Hari mulai senja, matahari pun sudah mulai bersembunyi di
ufuk sebelah barat, sehingga terdengarlah suara radio Syi’ir Gus Dur - Tanpo
Waton pada tiap-tiap masjid maupun mushola, pertanda waktu sholat Mahgrib telah
tiba, sesegera mungkin saya bergegas untuk membereskan gudang yang sedikit
berserakan, setelah itu barulah saya naik kelantai atas untuk check-lock sebelum meninggalkan gudang
kantor.
Hari demi hari selalu kujalani dengan penuh rasa percaya
diri dan semangat. Apalagi saat itu adalah Bulan Suci Ramadhan, dimana semua
umat Muslim beriman diwajibkan atas puasa. Akan tetapi, pernah saya berpikiran
kurang baik akan hal tersebut, karena pekerjaan saya yang tidak memungkinkan keadaan
saya untuk bisa bertahan menahan hawa nafsu, makan dan minum dari fajar hingga
terbenamnya matahari.
Hingga pada waktu itu, mengeluhlah saya dan memilih curhat
untuk mendapatkan solusi supaya saya tidak terpuruk dalam keadaan hati yang
kurang bersyukur. Waktu itu saya sholat tarawih di Masjid At-Tinah, disitulah
guru saya mengajar ngaji. Seringkali saya mengamati beliau waktu di Masjid,
bahkan sampai sholatpun, saya memilih untuk berada pada shaf belakangnya
beliau. Setelah sholat, saya mencari waktu dan tempat yang tepat supaya bisa
mengobrol enak dan nyaman bersama beliau.
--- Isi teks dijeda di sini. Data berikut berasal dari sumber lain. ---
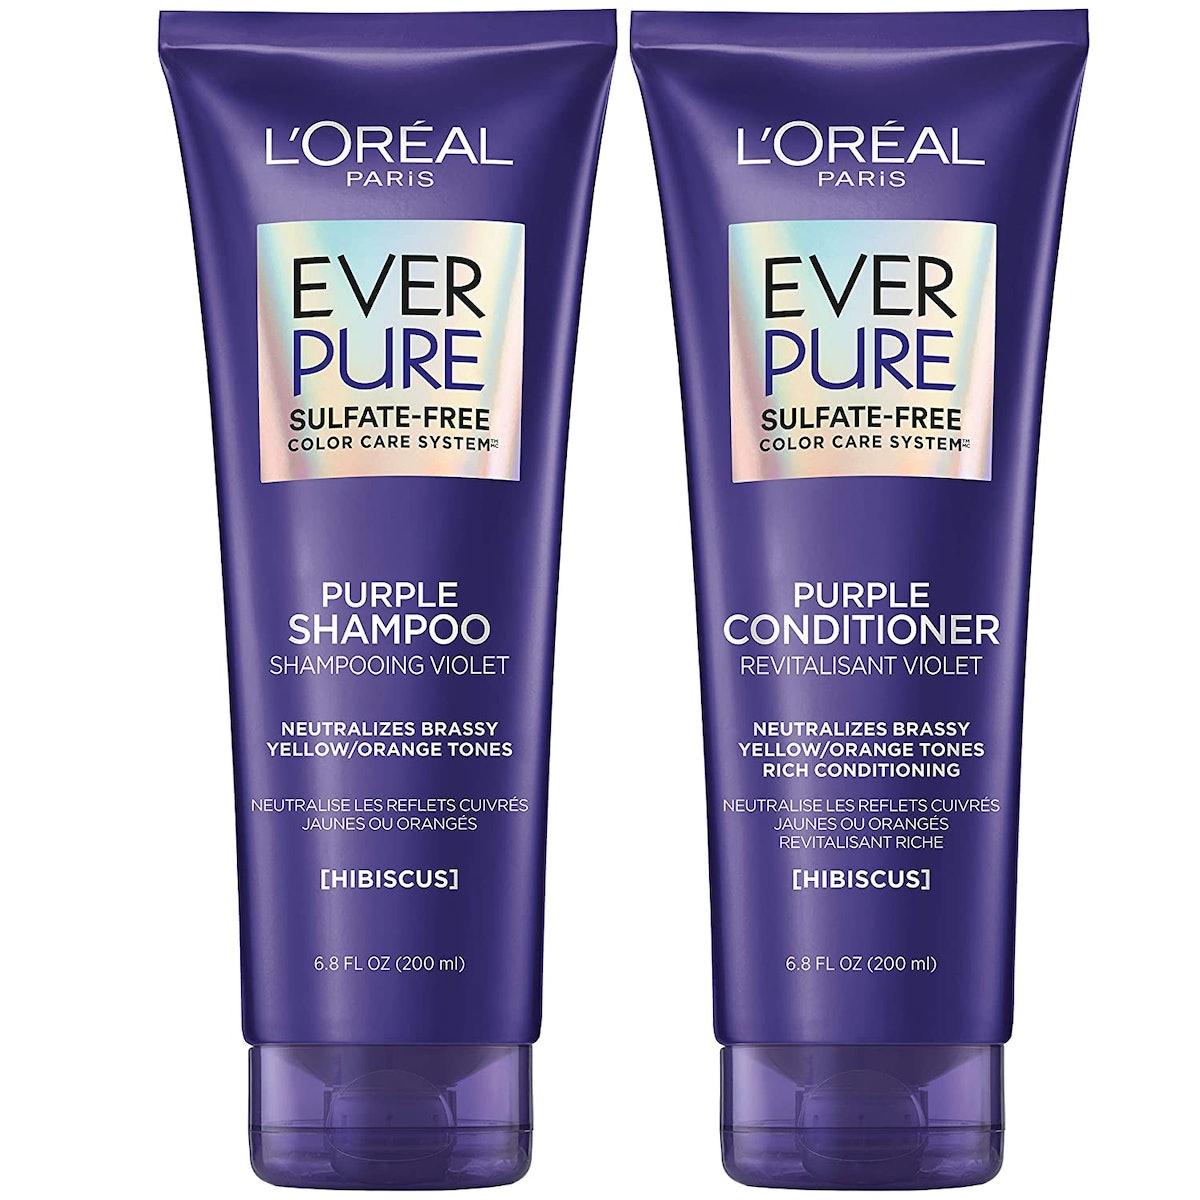 L'Oreal Paris EverPure Sulfate-Free Purple Shampoo & Conditioner (Set of 2)

“Assalamu’alaikum mas Syarifuddin.. Alhamdulillaaah” sapaku
kepada beliau sambil tersenyum.
“Wa’alaikumussalam Din, Alhamdulillah kenapa Din, kok
sepertinya senang kamu hari ini?” sahut beliau.
“Nggeh Alhamdulillah mas Syarifuddin saya bisa Sholat Tarawih jama’ah disini malam ini,
Hhehehe” jawab saya sambil tertawa.
“Loh, emang kenapa Din? Apa kamu tidak pernah Sholat
Tarawih jama’ah sebelumnya?” jawab guru saya dengan rasa penasaran.
“Anu mas, bukan itu maksud saya, kalau Sholat Tarawih
Alhamdulillah selalu jama’ah di masjid manapun saya berada mas, cumaaan, saya
sih inginnya ikut sholat jama’ah disini juga mas, sekalian silaturahmi” sahut
saya dengan senyuman.
“Oh gitu toh, ya dibagi waktunya Din, yang penting sholat.
Bagaimana pekerjaanmu Din, lancarkan?” tanya guru saya.
(Alhamdulillah, kok pas gini padahal saya mau curhat
ternyata ditanya terlebih dahulu) dalam hati saya.
“Alhamdulillah seperti itulah mas, datang pagi sebelum pukul
07.30 WIB harus sampai disana, kalau terlambat gaji saya dipotong mas, belum
lagi waktunya itu sampai jam 17.00 WIB, kan terlalu dekat dengan Maghrib,
itupun juga belum capeknya mas terkadang angkat-angkat barang juga disana
sehingga terkadang membuat saya lalai dalam beribadah mas” keluh saya kepada
beliau
“Pekerjaanmu mungkin cukup sulit dan cukup menguras tenaga.
Tapi kamu tau tidak? Bahwa diluaran sana masih banyak bahkan sangat banyak
orang yang berharap berada diposisi kamu
saat ini. coba renungkan, lihat mereka
yang berjualan makanan ringan diperempatan lalu lintas, lampu merah adalah
suatu hal yang selalu ditunggu-tunggu oleh mereka, supaya sesegera mungkin mereka
menawarkan makanan ringan yang mereka jual untuk yang menghasilkan uang, terik
panas matahari bukan suatu halangan bagi mereka, karena niat mereka lebih kuat
ketimbang rasa mengeluh dalam dirinya. Begitulah cara mereka mencari nafkah.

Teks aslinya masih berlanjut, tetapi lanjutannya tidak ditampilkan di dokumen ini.